India, Vietnam strengthen defence ties amid shared concerns over China’s assertiveness

  • Prime ministers Modi and Nguyen held a virtual summit to enhance security cooperation and discuss ‘peace and freedom’ in the South China Sea
  • Hanoi has had repeated run-ins with Beijing over the disputed waterway this year, while China and India are still locked in a border stand-off
Indian Prime Minister Narendra Modi and his Vietnamese counterpart Nguyen Xuan Phuc have called for a peaceful, “open and rules-based” Indo-Pacific while also proposing to enhance their defence and security partnership – statements made with an eye on China’s growing dominance in the region.

During a virtual summit on Monday, the two leaders agreed to increase military-to-military exchanges through regular ship visits, joint exercises, and training and capacity building programmes across their three services and coastguards. They also agreed to intensify defence industry collaboration.
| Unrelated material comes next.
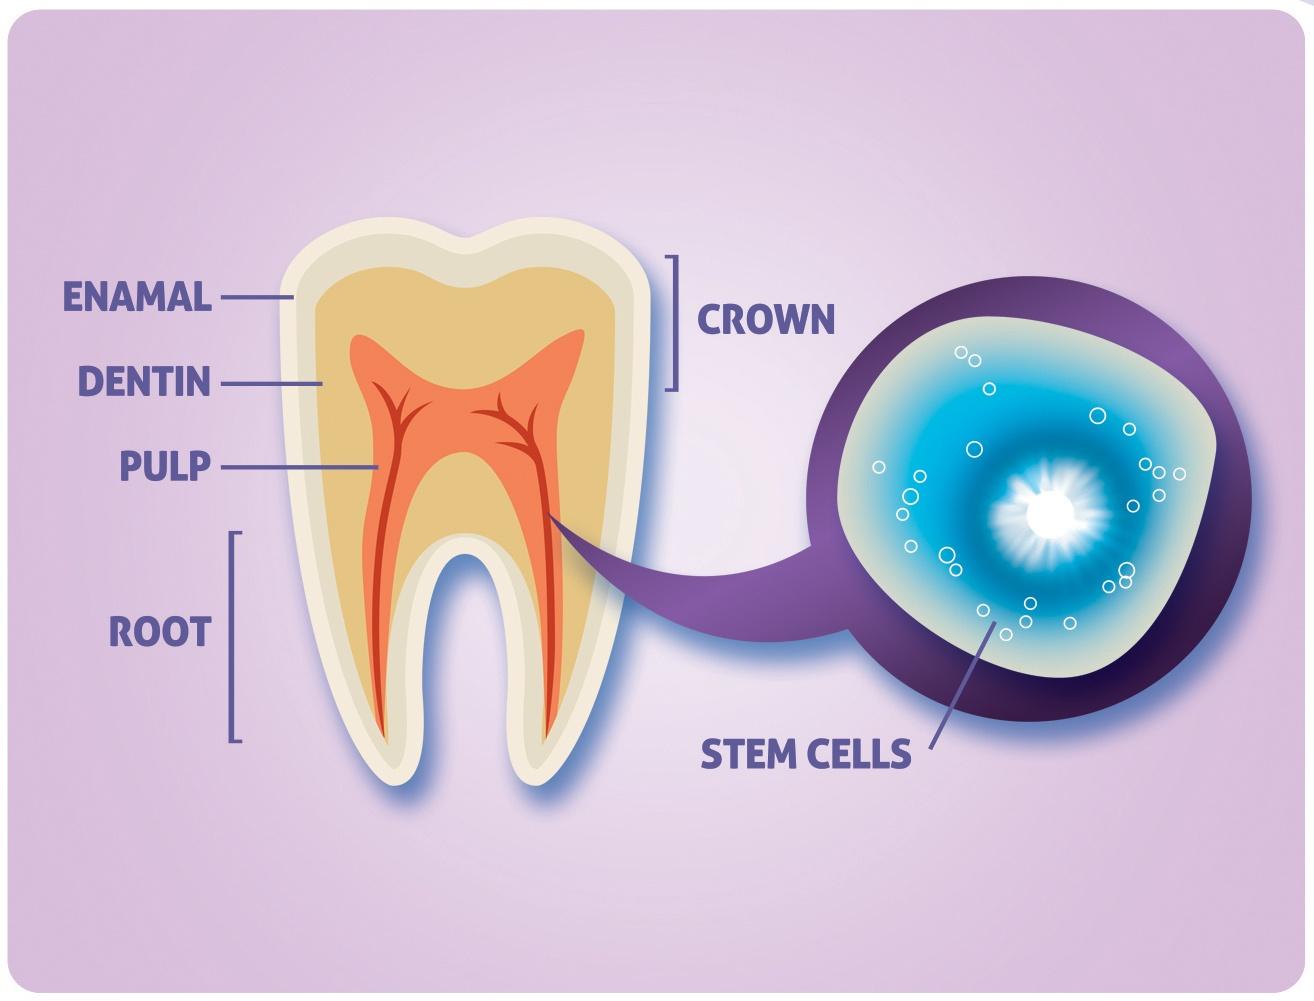 You are currently viewing کاشت دندان با سلول های بنیادی بهترین جایگزین دندان از دست رفته
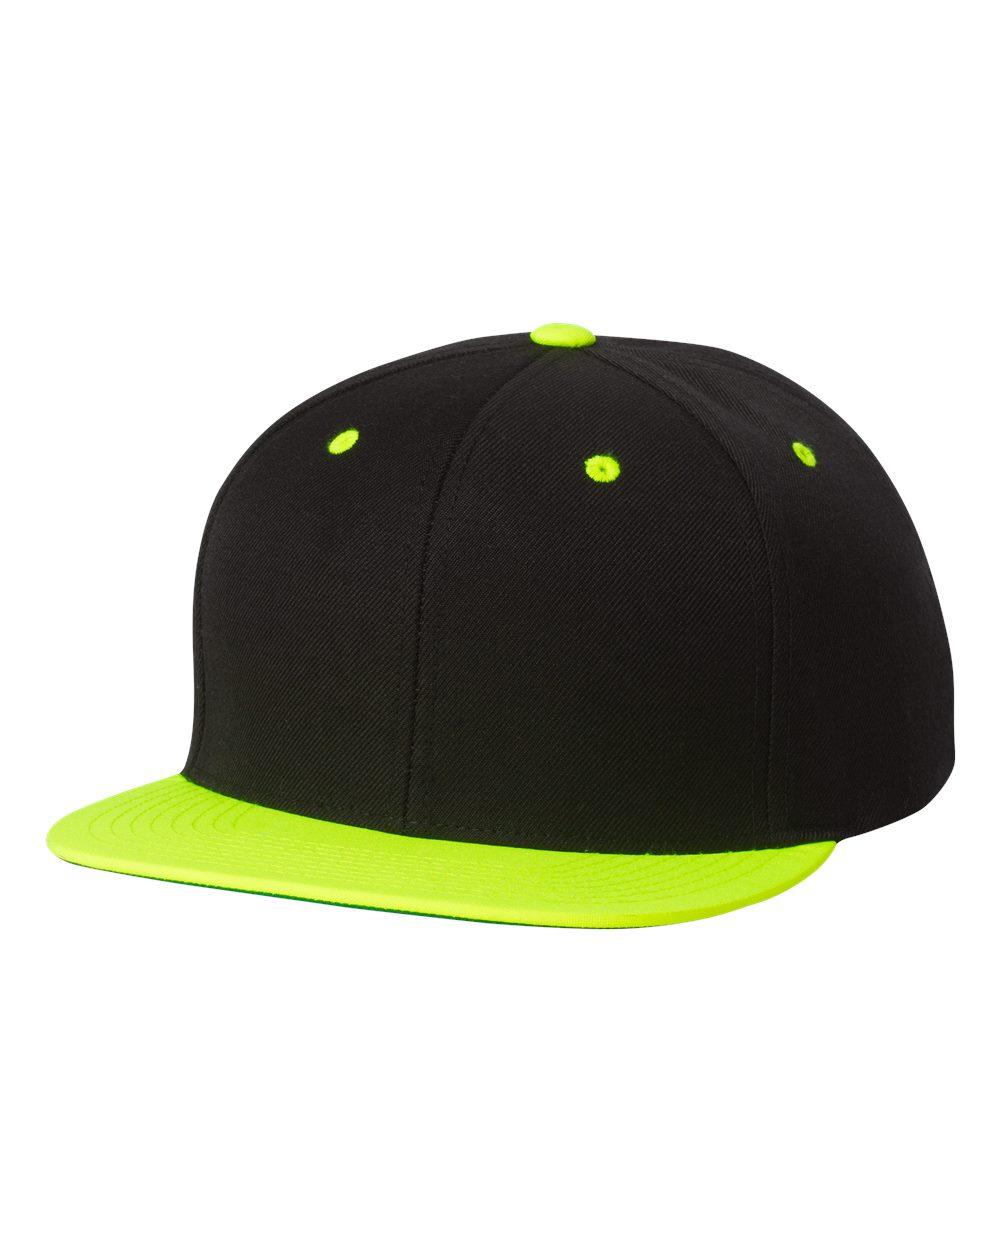 Black-Neon Green.jpg

The summit was the culmination of a series of high-level exchanges between the two sides this year, including a visit by Vietnam’s vice-president to India, a telephone conversation between the two prime ministers in April to discuss the Covid-19 situation, and another online meeting in November during the India- Asean Summit. Vietnam is the current chair of the Association of Southeast Asian Nations.
India and Vietnam already have a comprehensive strategic partnership in place but the new vision statement following the summit emphasises “peace, prosperity and people” to guide their relationship with a plan of action for 2021-2023.

Explainer | Why are tensions running high in the South China Sea dispute?

The two prime ministers stressed maintaining “peace, stability, security and freedom of navigation and overflight” in the South China Sea. They also discussed the peaceful resolution of disputed claims in accordance with international law, particularly the 1982 United Nations Convention on the Law of the Sea (Unclos) – an international agreement established to define coastal and maritime boundaries and regulate seabed exploration not within territorial claims.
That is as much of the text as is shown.